WHAT THIS TASK INVOLVES: A verbatim transcript of the data that follows, free of images, is the expected result.

SUPPLIED MATERIAL section start

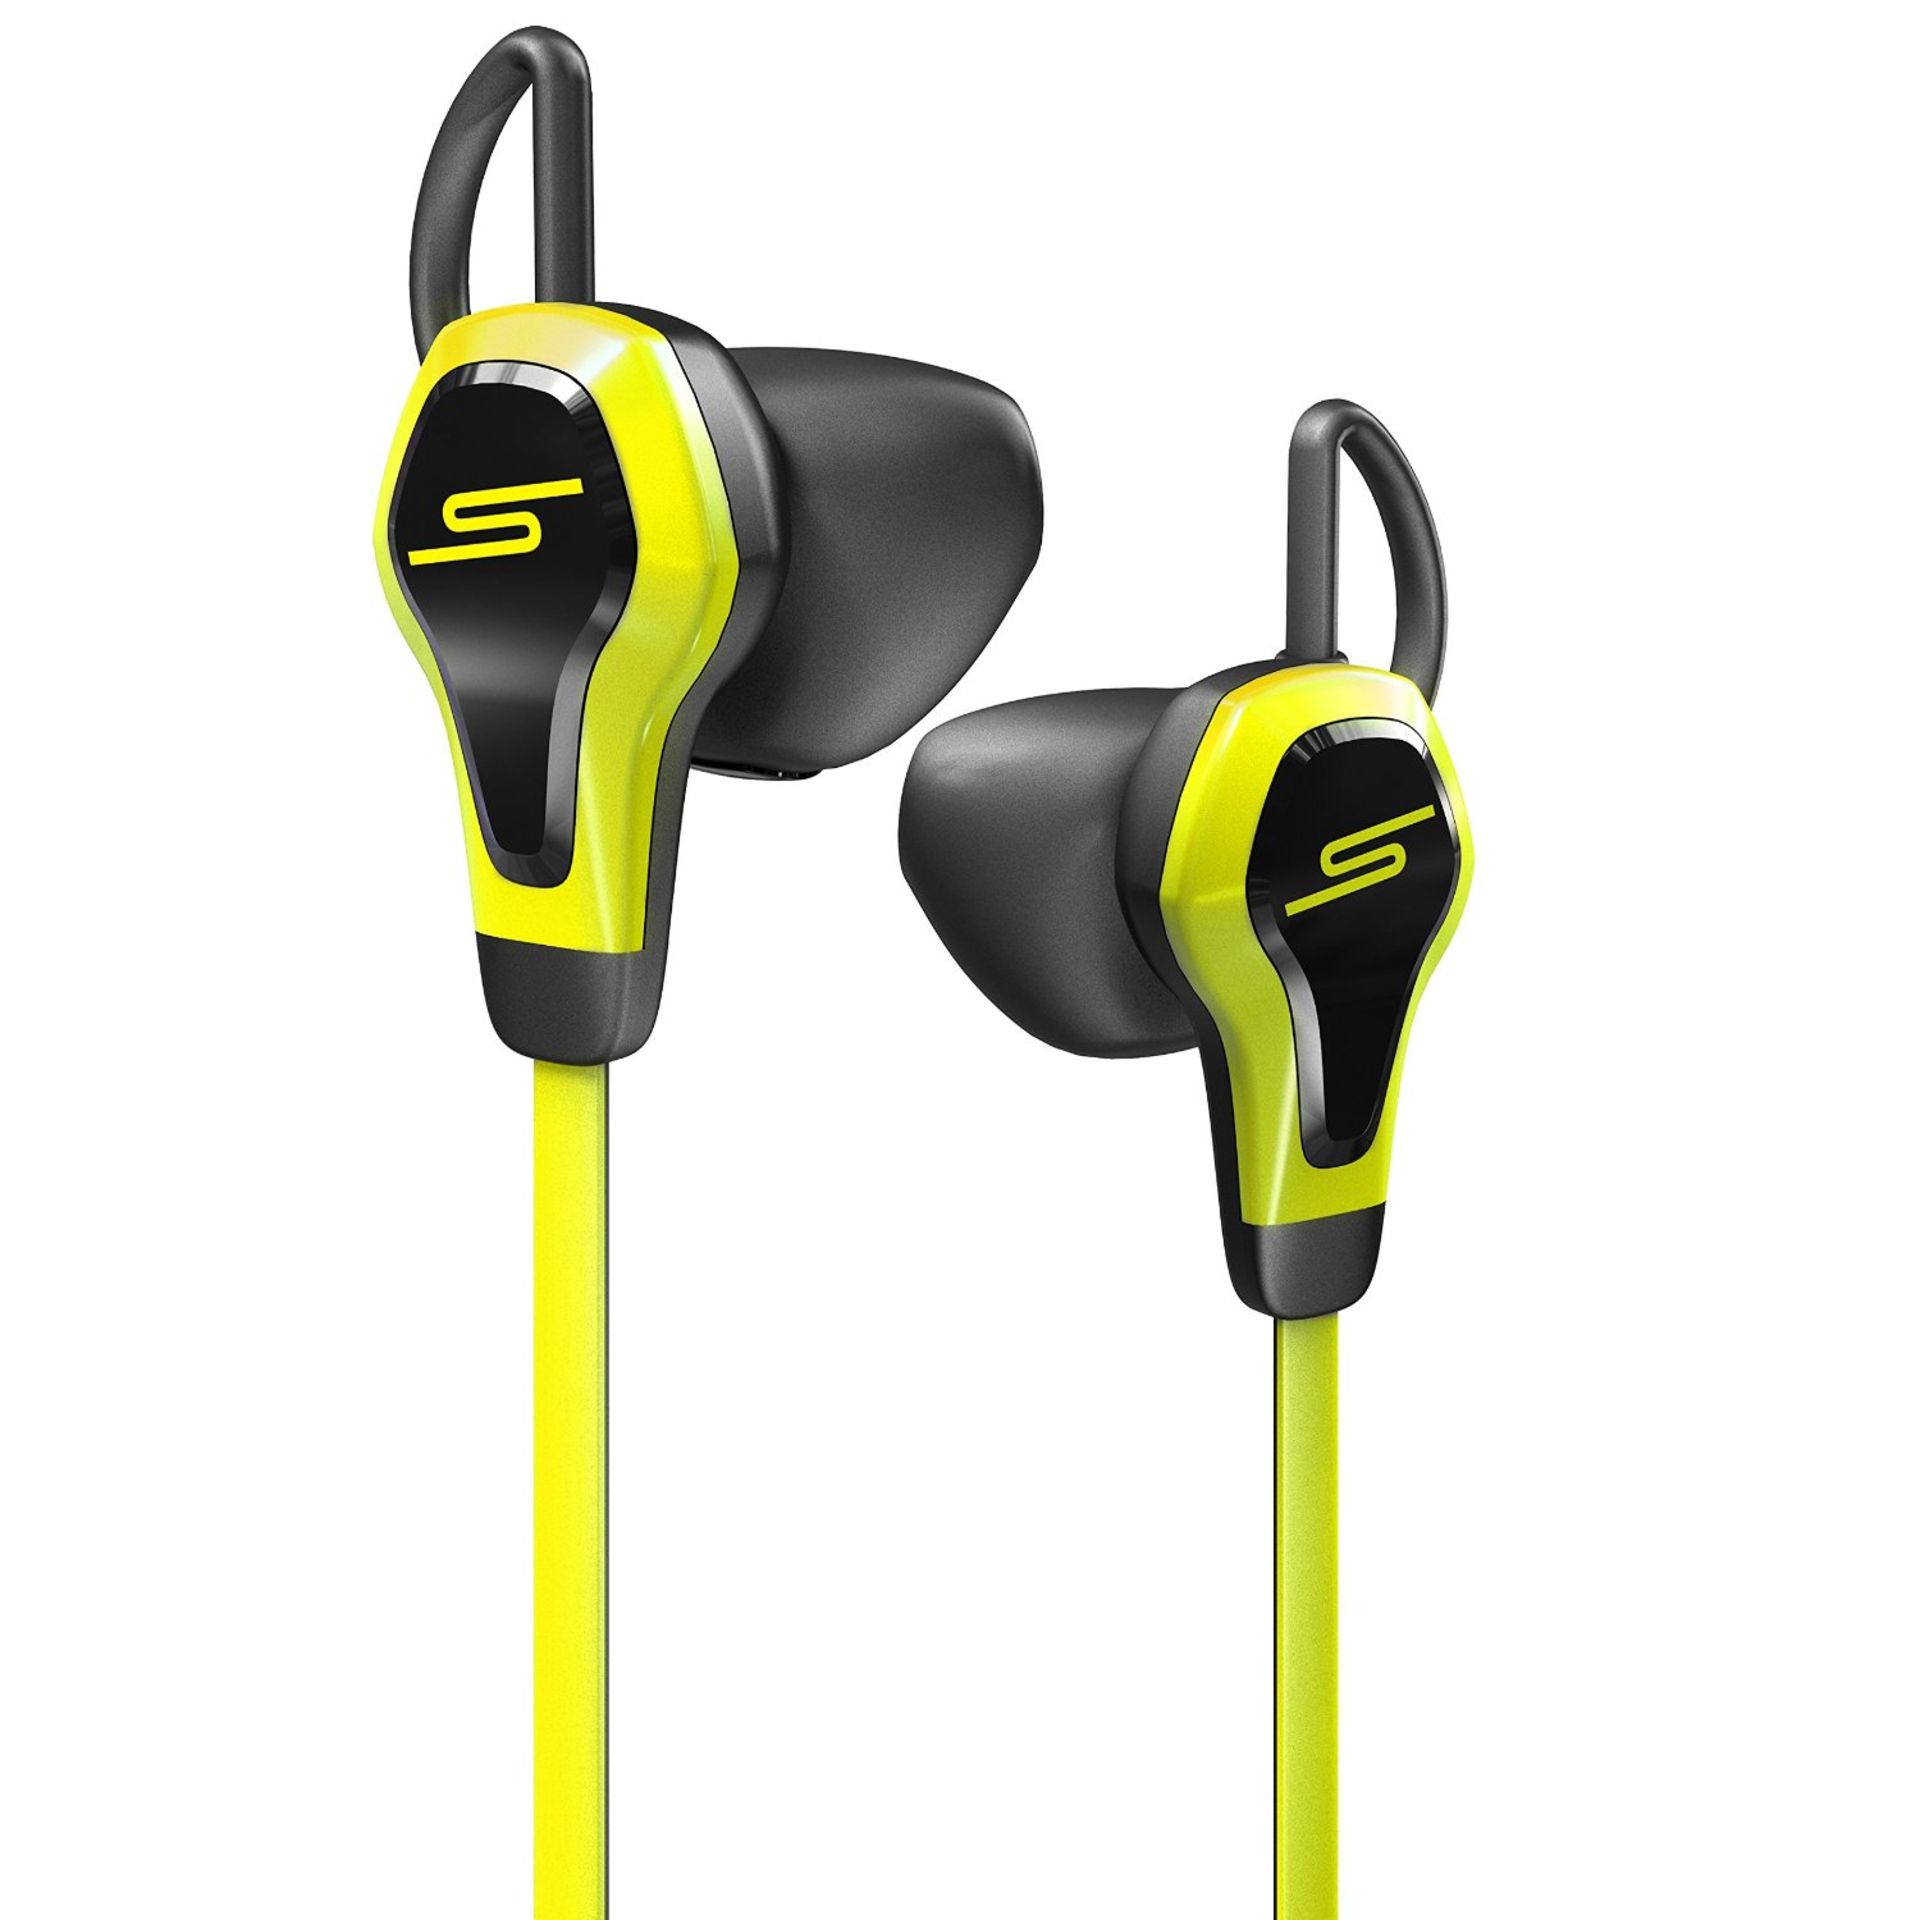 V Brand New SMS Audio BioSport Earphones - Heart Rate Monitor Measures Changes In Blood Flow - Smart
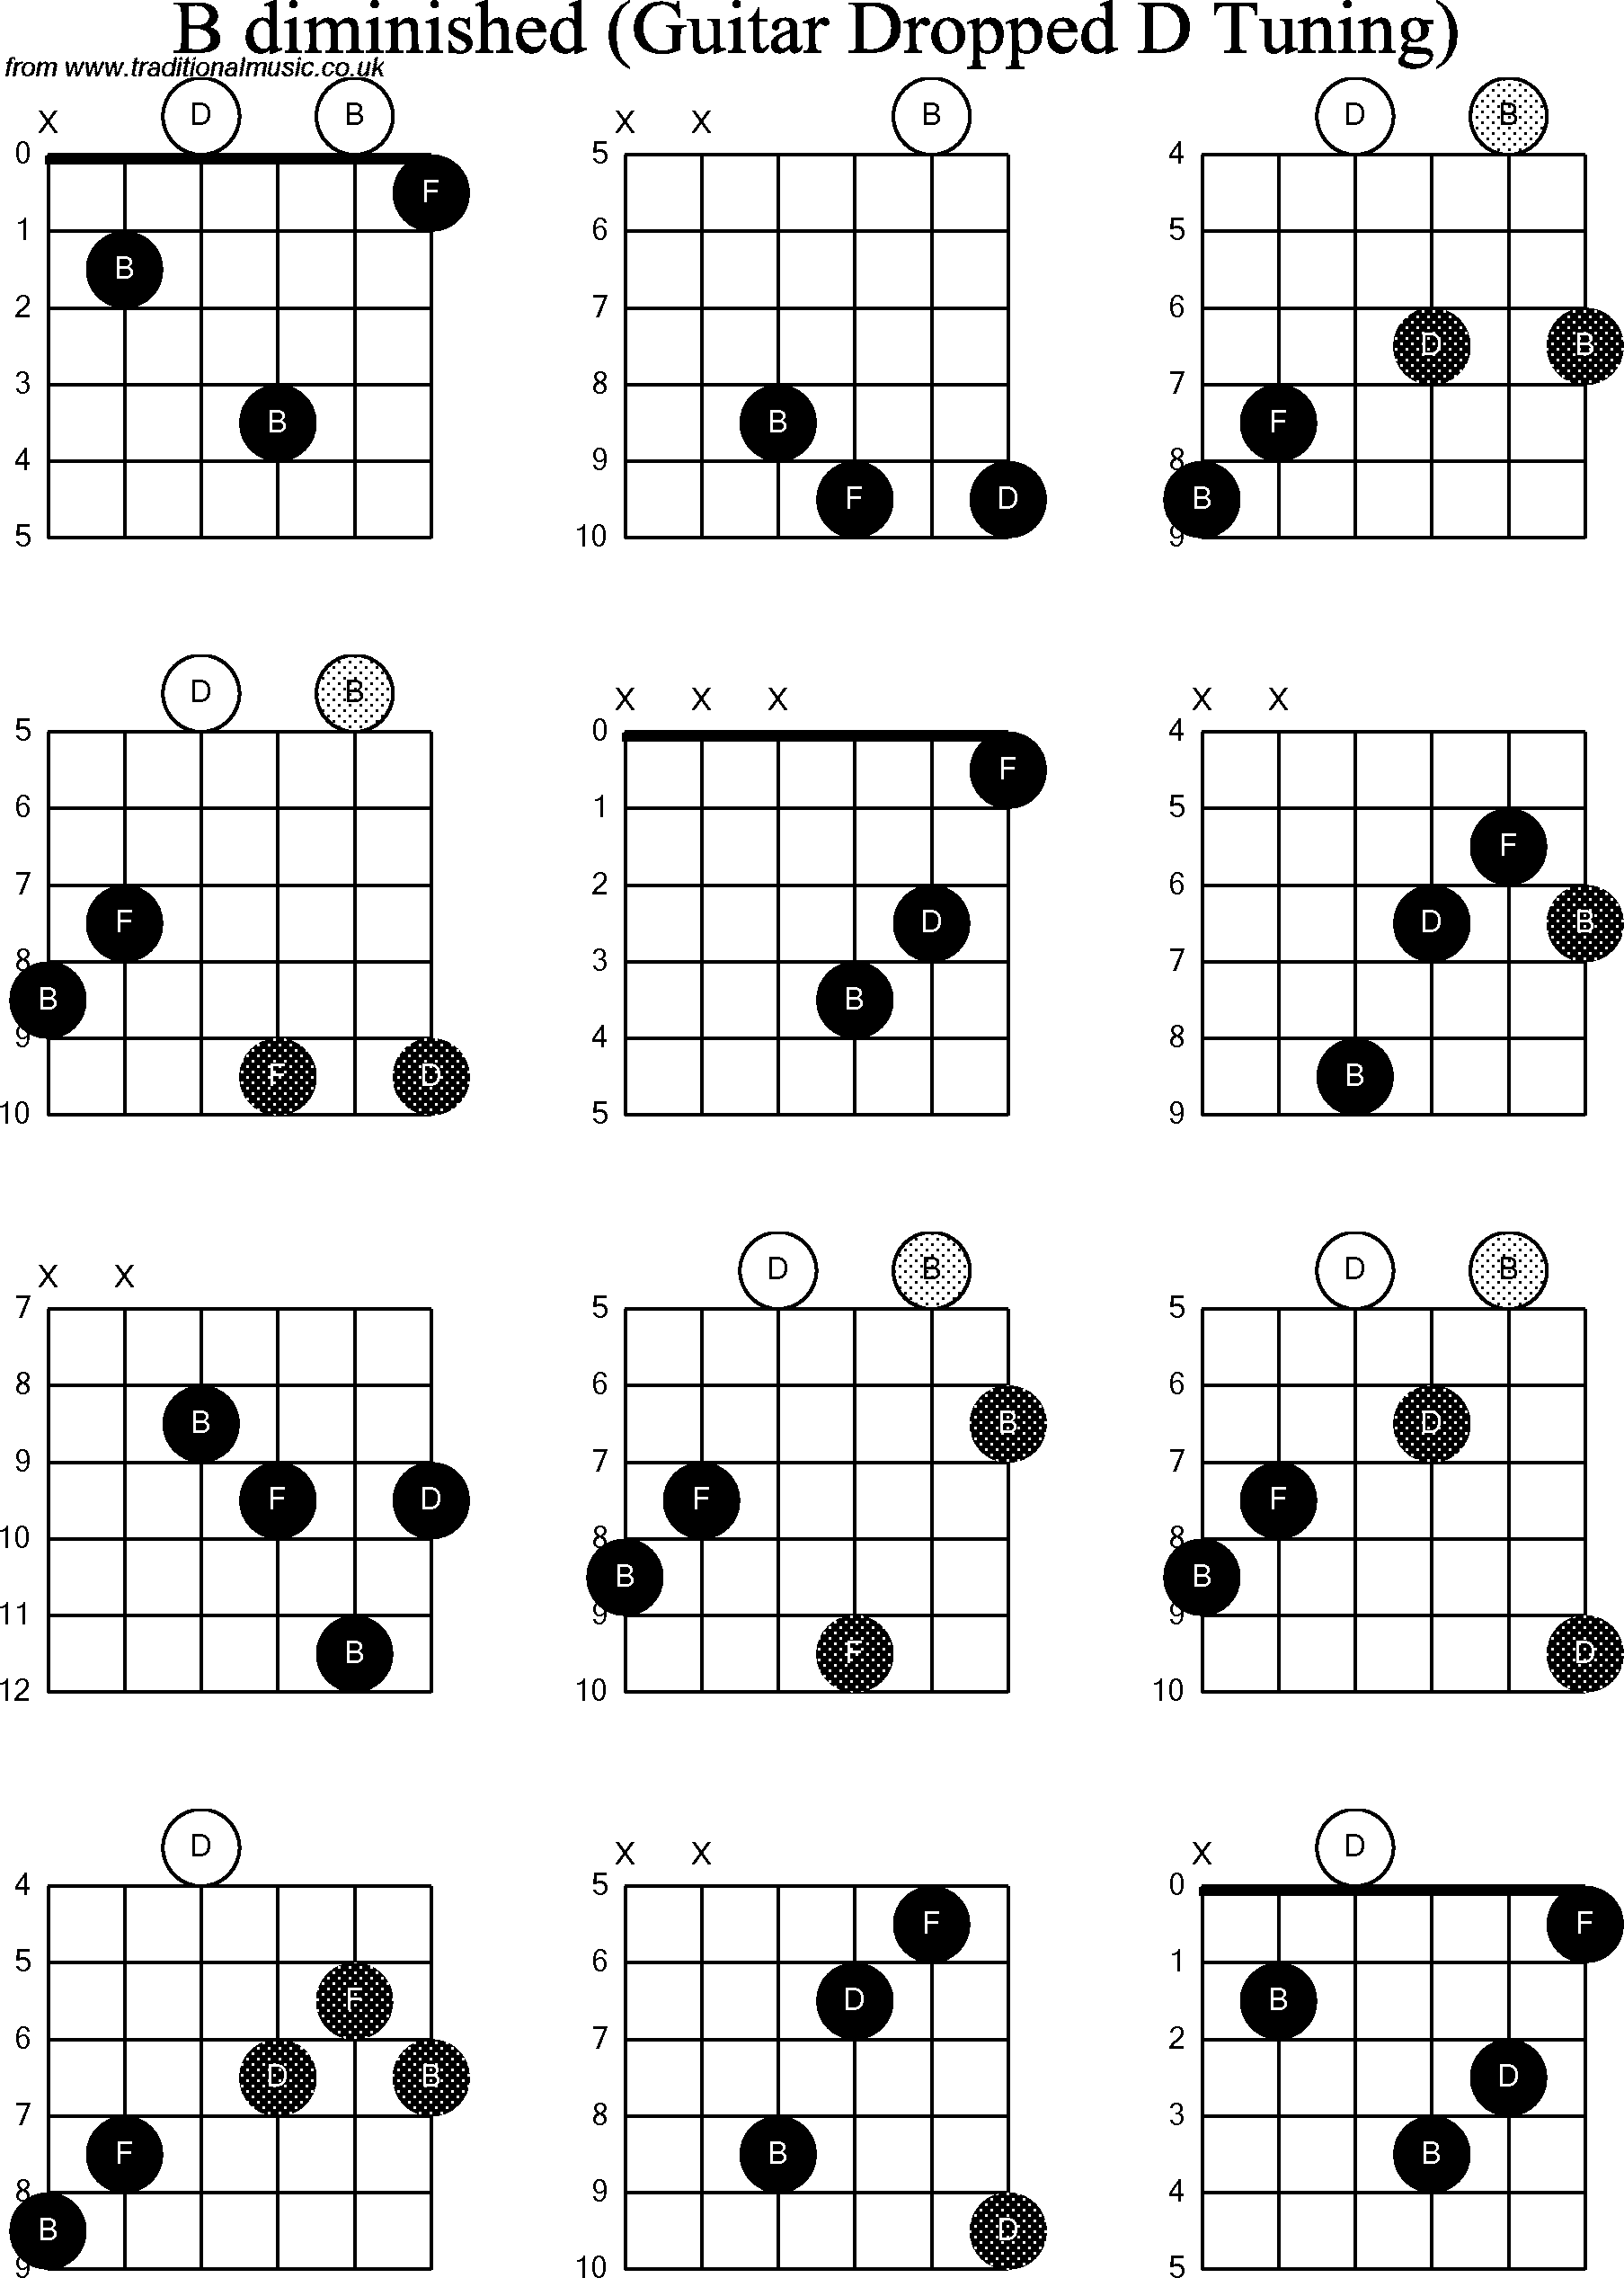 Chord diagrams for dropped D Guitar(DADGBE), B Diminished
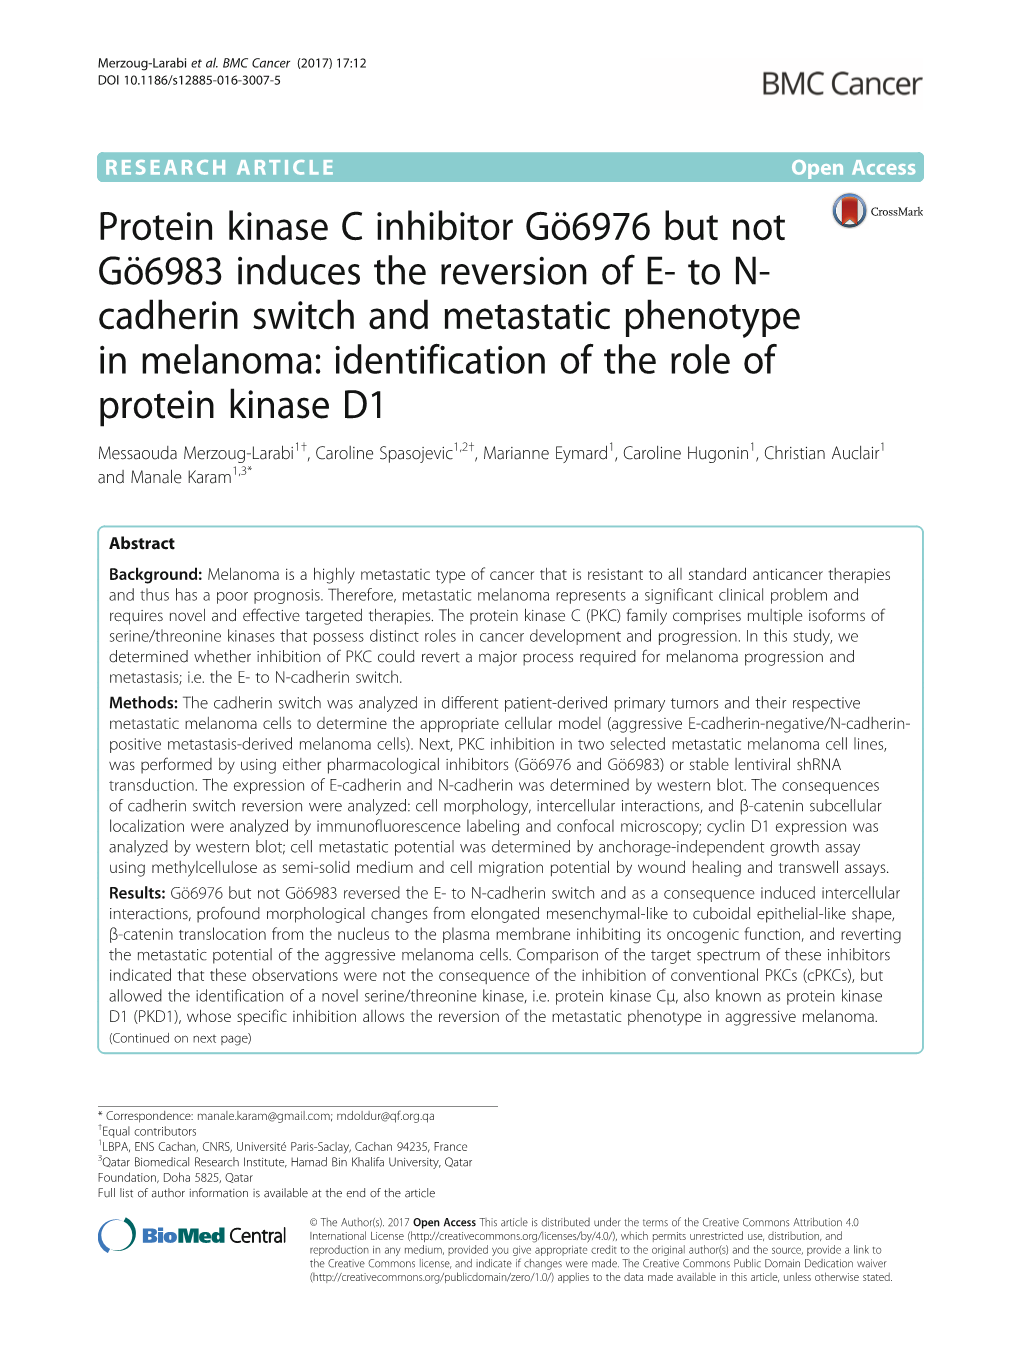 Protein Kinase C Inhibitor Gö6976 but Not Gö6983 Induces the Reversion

SUPPLIED MATERIAL section end

WRITTEN RESPONSE:
 V Brand New SMS Audio BioSport Earphones - Heart Rate Monitor Measures Changes In Blood Flow - Smart
 Chord diagrams for dropped D Guitar(DADGBE), B Diminished
 Protein Kinase C Inhibitor Gö6976 but Not Gö6983 Induces the Reversion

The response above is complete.